# [Your assignment]
Exact copies of all the lines below are wanted, without a single picture.

# [Source data]
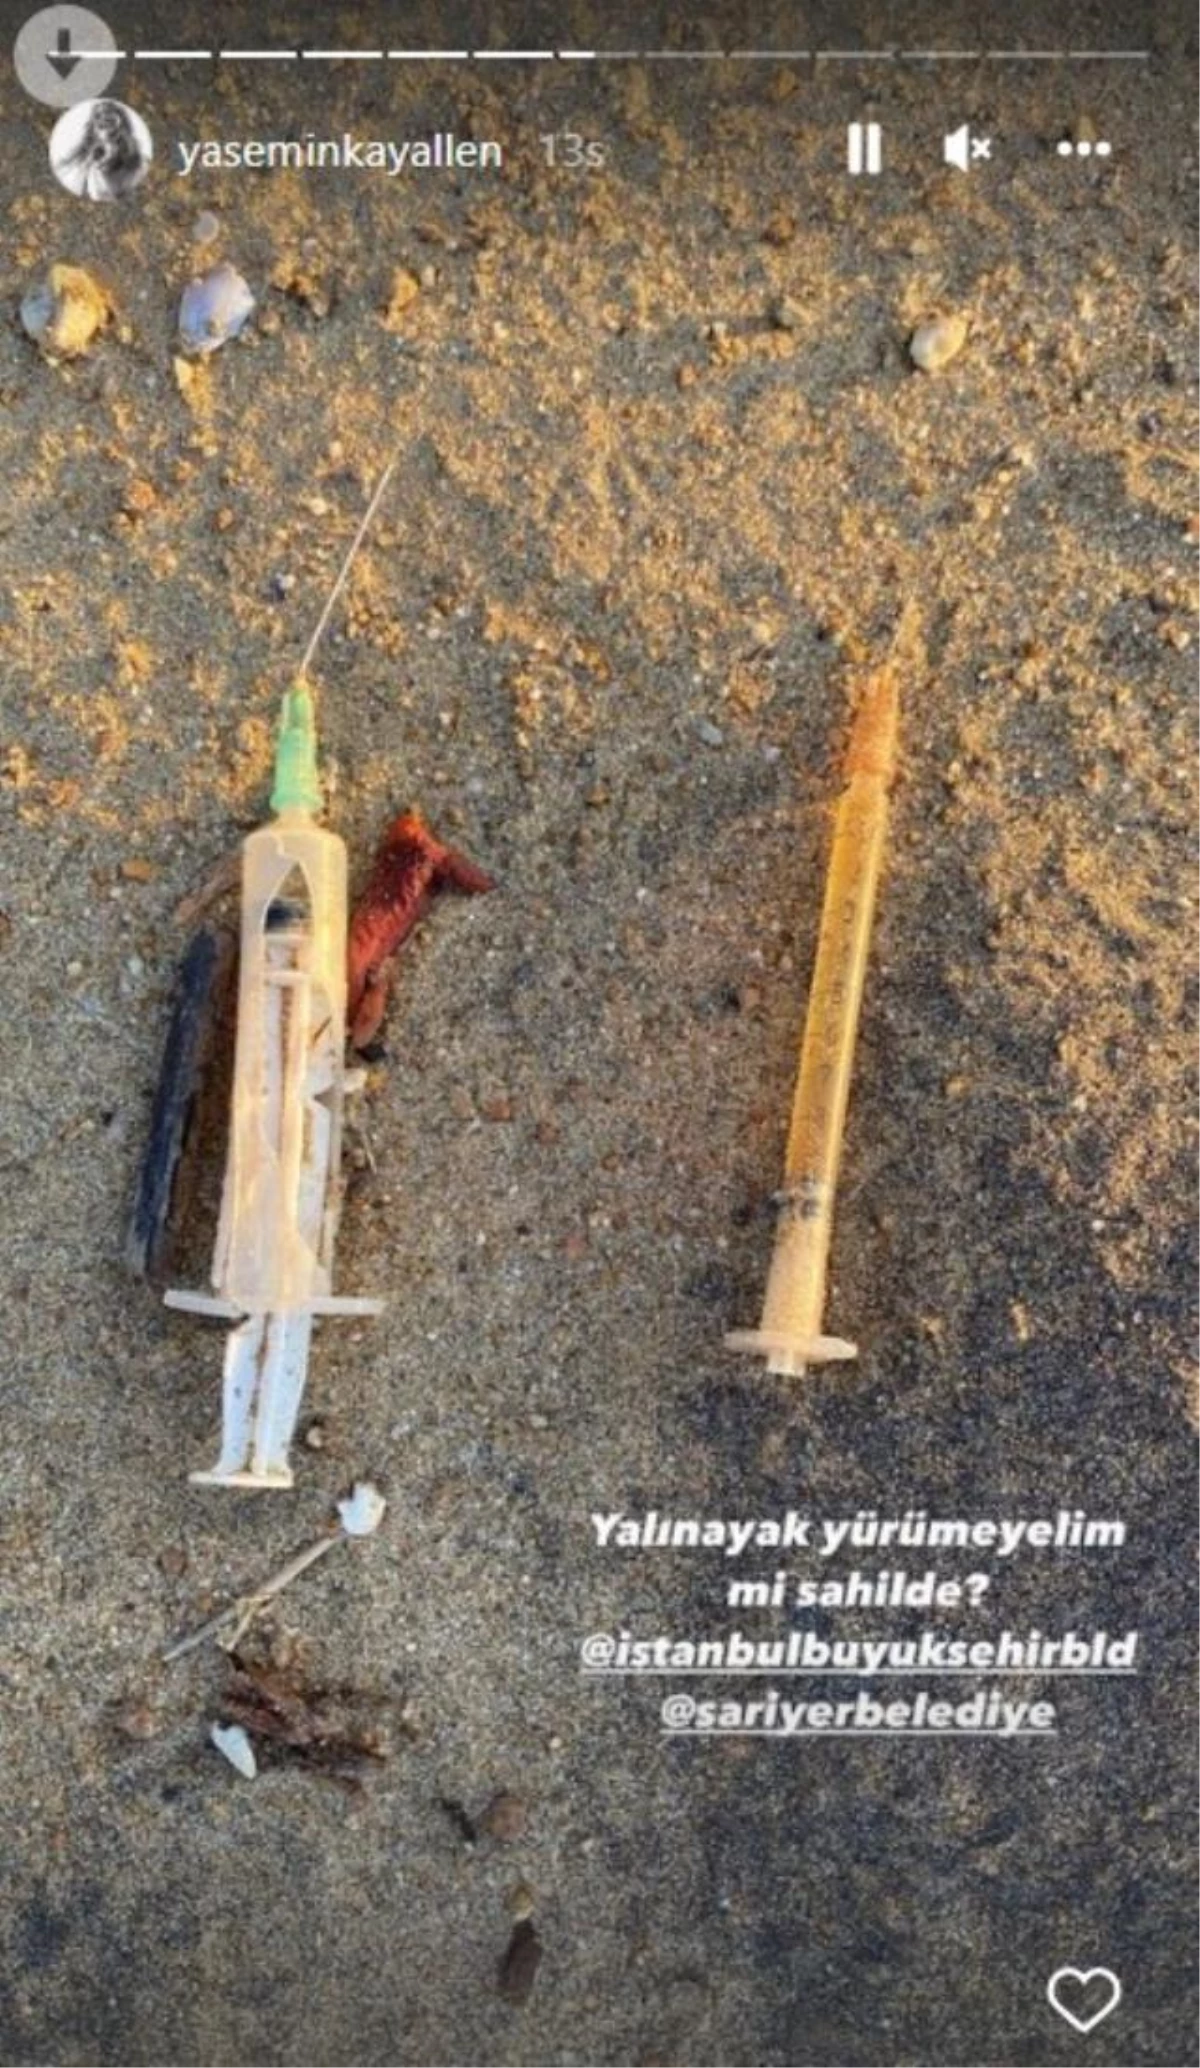 Oyuncu Yasemin Kay Allen, Kilyos Sahili\'nde ölen yunus balığını ve atıklarını paylaşarak sert tepki gösterdi: Bu bir skandaldır
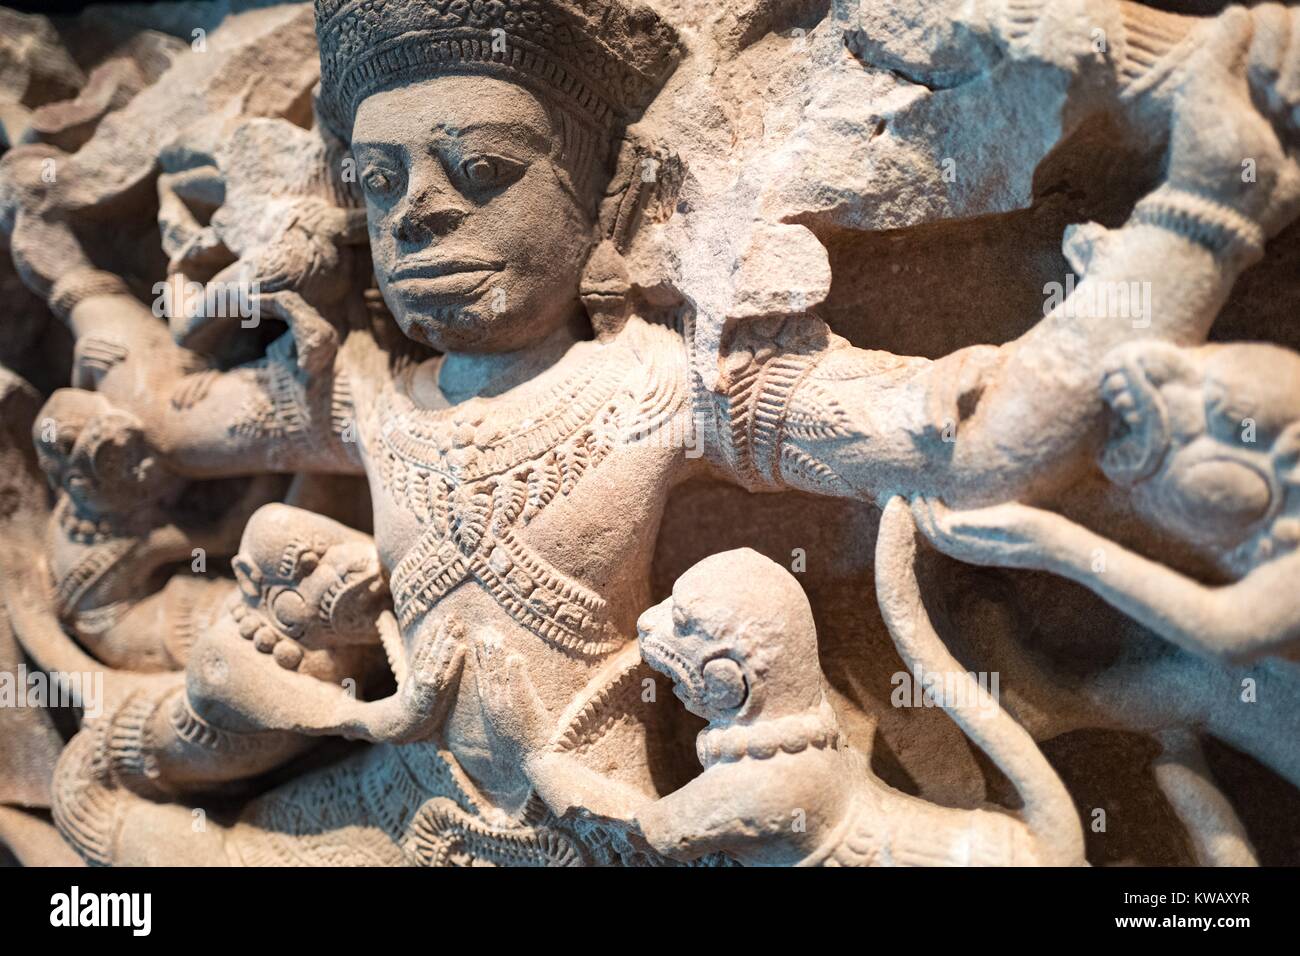 Vista detallada de la India trabajo tallados en piedra Kumbhakarna batallas de los monos, que muestra una escena de la épica Ramayana en el que derrotas Kumbhakarna un ejército de monos, 2 de octubre de 2016. Foto de stock
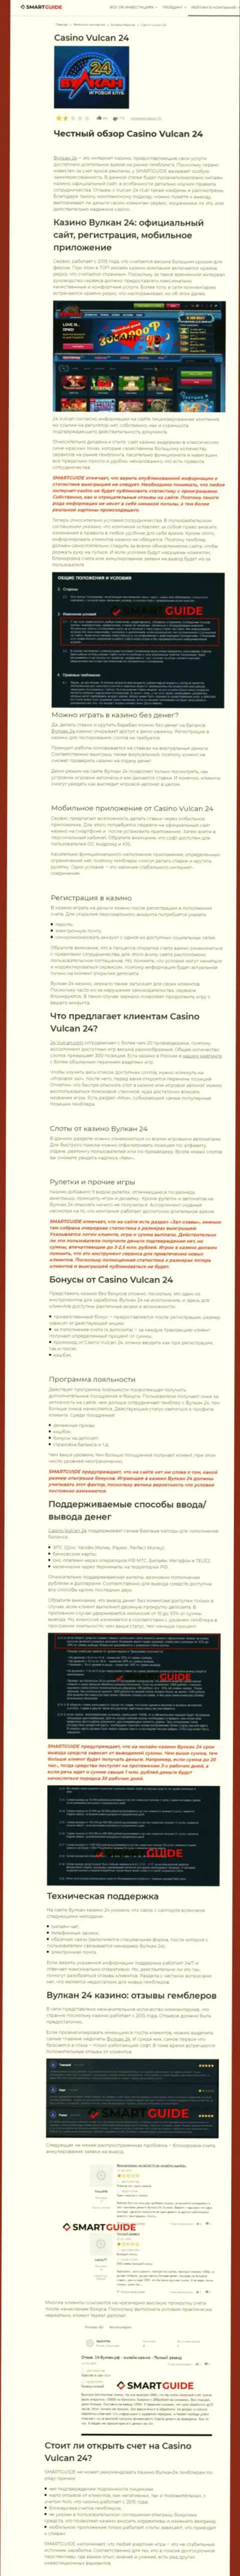 Вулкан 24 - это компания, которая зарабатывает на отжатии депозитов своих реальных клиентов (обзор манипуляций)

# [Written answer]
 Oyuncu Yasemin Kay Allen, Kilyos Sahili\'nde ölen yunus balığını ve atıklarını paylaşarak sert tepki gösterdi: Bu bir skandaldır
 Vista detallada de la India trabajo tallados en piedra Kumbhakarna batallas de los monos, que muestra una escena de la épica Ramayana en el que derrotas Kumbhakarna un ejército de monos, 2 de octubre de 2016. Foto de stock
 Вулкан 24 - это компания, которая зарабатывает на отжатии депозитов своих реальных клиентов (обзор манипуляций)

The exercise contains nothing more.